The generated file includes:

1. **Header** with metadata:

    ```python
    # ==============================================================================
    #  AUTO-GENERATED FILE - DO NOT EDIT DIRECTLY
    # ==============================================================================
    #  Source: transformers.models.qwen3.modeling_qwen3
    #  Based on: transformers==5.9.0
    #
    #  Patches applied:
    #    - class_replacement: Qwen3RMSNorm
    #    - function_replacement: apply_rotary_pos_emb
    #    - method_override: Qwen3Attention.forward
    # ==============================================================================
    ```

1. **Converted imports** (relative -> absolute):

    ```python
    # Original relative import: from ...activations import ACT2FN
    from transformers.activations import ACT2FN
    ```

1. **Patch markers** for modified code:

    ```python
    # ======================================================================
    # [PATCHED CLASS] Qwen3RMSNorm
    # Reason: Use fused RMSNorm kernel for better performance
    # ======================================================================
    class Qwen3RMSNorm(nn.Module):
        ...
    ```

1. **Preserved comments** in patched methods:

    ```python
    # ======================================================================
    # [MODIFIED CLASS] Qwen3Attention
    # Methods patched: forward
    # ======================================================================
    class Qwen3Attention(nn.Module):
        def forward(self, hidden_states, ...):
            # ==========================================================================
            # BEGIN ULYSSES SEQUENCE PARALLEL MODIFICATIONS
            # ==========================================================================
            # All your inline comments are preserved!
            ...
    ```

## Example: Qwen3 GPU Patches

See `veomni/models/transformers/qwen3/qwen3_gpu_patch_gen_config.py` for a complete example that includes:

- **LigerRMSNorm**: Fused kernel replacement for `Qwen3RMSNorm`
- **LigerSwiGLUMLP**: Fused SwiGLU MLP replacement for `Qwen3MLP`
- **apply_rotary_pos_emb**: LigerKernel rotary position embedding

Run it:

```bash
patchgen veomni.models.transformers.qwen3.qwen3_gpu_patch_gen_config -v
```

Output: `veomni/models/transformers/qwen3/generated/patched_modeling_qwen3_gpu.py` (~600 lines of self-contained code)

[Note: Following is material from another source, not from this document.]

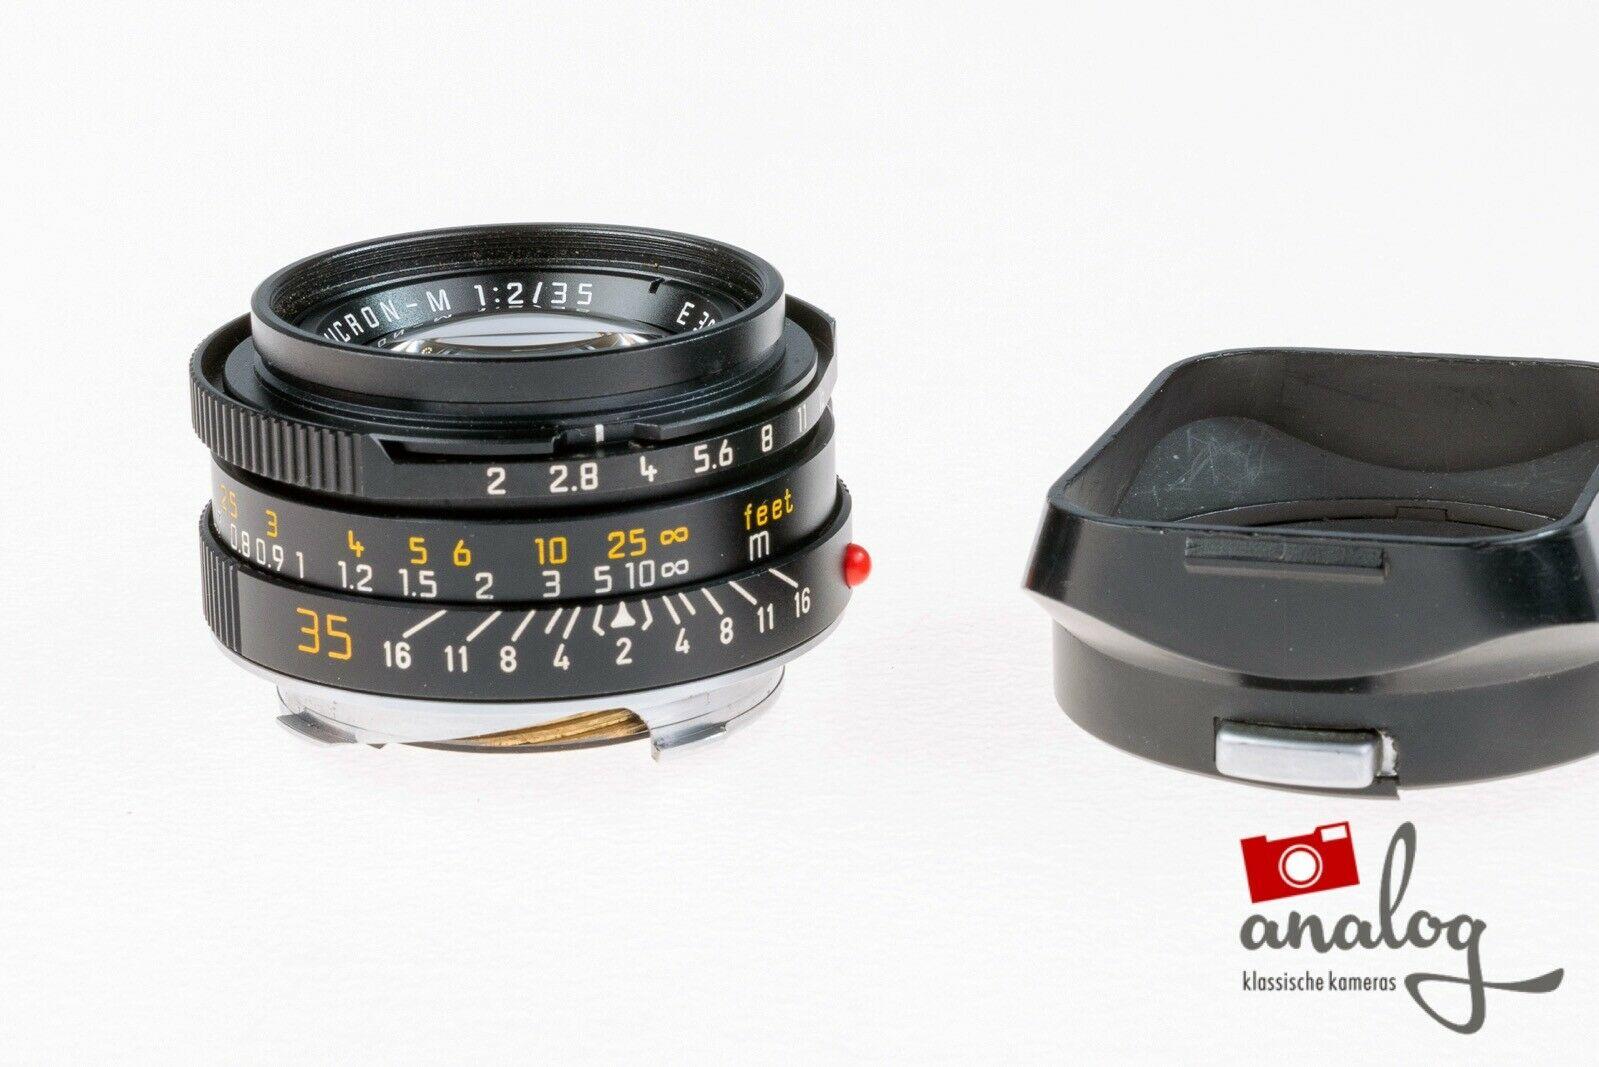 Leica Summicron-M 35mm 2.0 - 11310 - King of Bokeh - werkstattüberholt

## Comparing Generated vs Original Code

Use the `--diff` flag to save a unified diff file next to the generated modeling file:

```bash
# Generate patched modeling code and save a .diff file in output directory
patchgen veomni.models.transformers.qwen3.qwen3_gpu_patch_gen_config --diff
```

With `--diff`, `patchgen` writes:

- Compares the generated file against the original HuggingFace source
- Saves unified diff as `<generated_modeling_name>.diff` in the output directory
- Shows exactly which classes, methods, and functions were modified

Example output:

```diff
-class Qwen3RMSNorm(nn.Module):
-    def forward(self, hidden_states):
-        input_dtype = hidden_states.dtype
-        hidden_states = hidden_states.to(torch.float32)
-        ...
+# ======================================================================
+# [PATCHED CLASS] Qwen3RMSNorm
+# Reason: Use fused RMSNorm kernel for better performance
+# ======================================================================
+class Qwen3RMSNorm(nn.Module):
+    def forward(self, hidden_states):
+        # Optimized implementation with comments preserved
+        ...
```

## Advanced Usage

### External Class References

For large classes from external libraries, reference them without copying source:

```python
from patchgen import create_patch_from_external

patch = create_patch_from_external(
    target="Qwen3RMSNorm",
    replacement_module="liger_kernel.transformers.rms_norm",
    replacement_name="LigerRMSNorm",
)
config.patches.append(patch)
```

### Programmatic Generation

```python
from pathlib import Path
from patchgen import ModelingCodeGenerator
from veomni.models.transformers.qwen3.qwen3_gpu_patch_gen_config import config

generator = ModelingCodeGenerator(config)
generator.load_source()
output = generator.generate(
    Path("veomni/models/transformers/qwen3/generated/patched_modeling_qwen3_gpu.py")
)
```

### Init Modification

Modify `__init__` methods without replacing the entire class:

```python
@config.modify_init("Qwen3Attention")
def modified_init(original_init, self, config, layer_idx):
    original_init(self, config, layer_idx)
    self.custom_attr = some_value
```

## CLI Reference

```
usage: patchgen [-h] [-o OUTPUT_DIR] [-c CONFIG_NAME] [--list] [--all]
                [--dry-run] [--diff] [-v] [--check] [--fix]
                [patch_module]

positional arguments:
  patch_module          Patch module to use (e.g., 'veomni.models.transformers.qwen3.qwen3_gpu_patch_gen_config')

options:
  -h, --help            Show help message
  -o, --output-dir      Output directory (default: sibling generated/ next to patch module)
  -c, --config-name     Config variable name in the patch module (default: config)
  --list                List available patch configurations
  --all                 Regenerate all discovered patch configs at once
  --dry-run             Show what would be generated without writing files
  --diff                Save a unified .diff file alongside generated modeling code
  -v, --verbose         Print detailed progress
  --check               Drift-check mode: compare regen against checked-in files, exit 1 on drift
  --fix                 With --check: overwrite checked-in files with the regen output
```

`--check` switches the CLI from codegen mode to drift-check mode; all other flags are mode-specific. Discovery is always loaded from `[tool.patchgen]` in the nearest `pyproject.toml`.

## CI and Regeneration

Generated files are checked into the repo and guarded by CI to prevent drift.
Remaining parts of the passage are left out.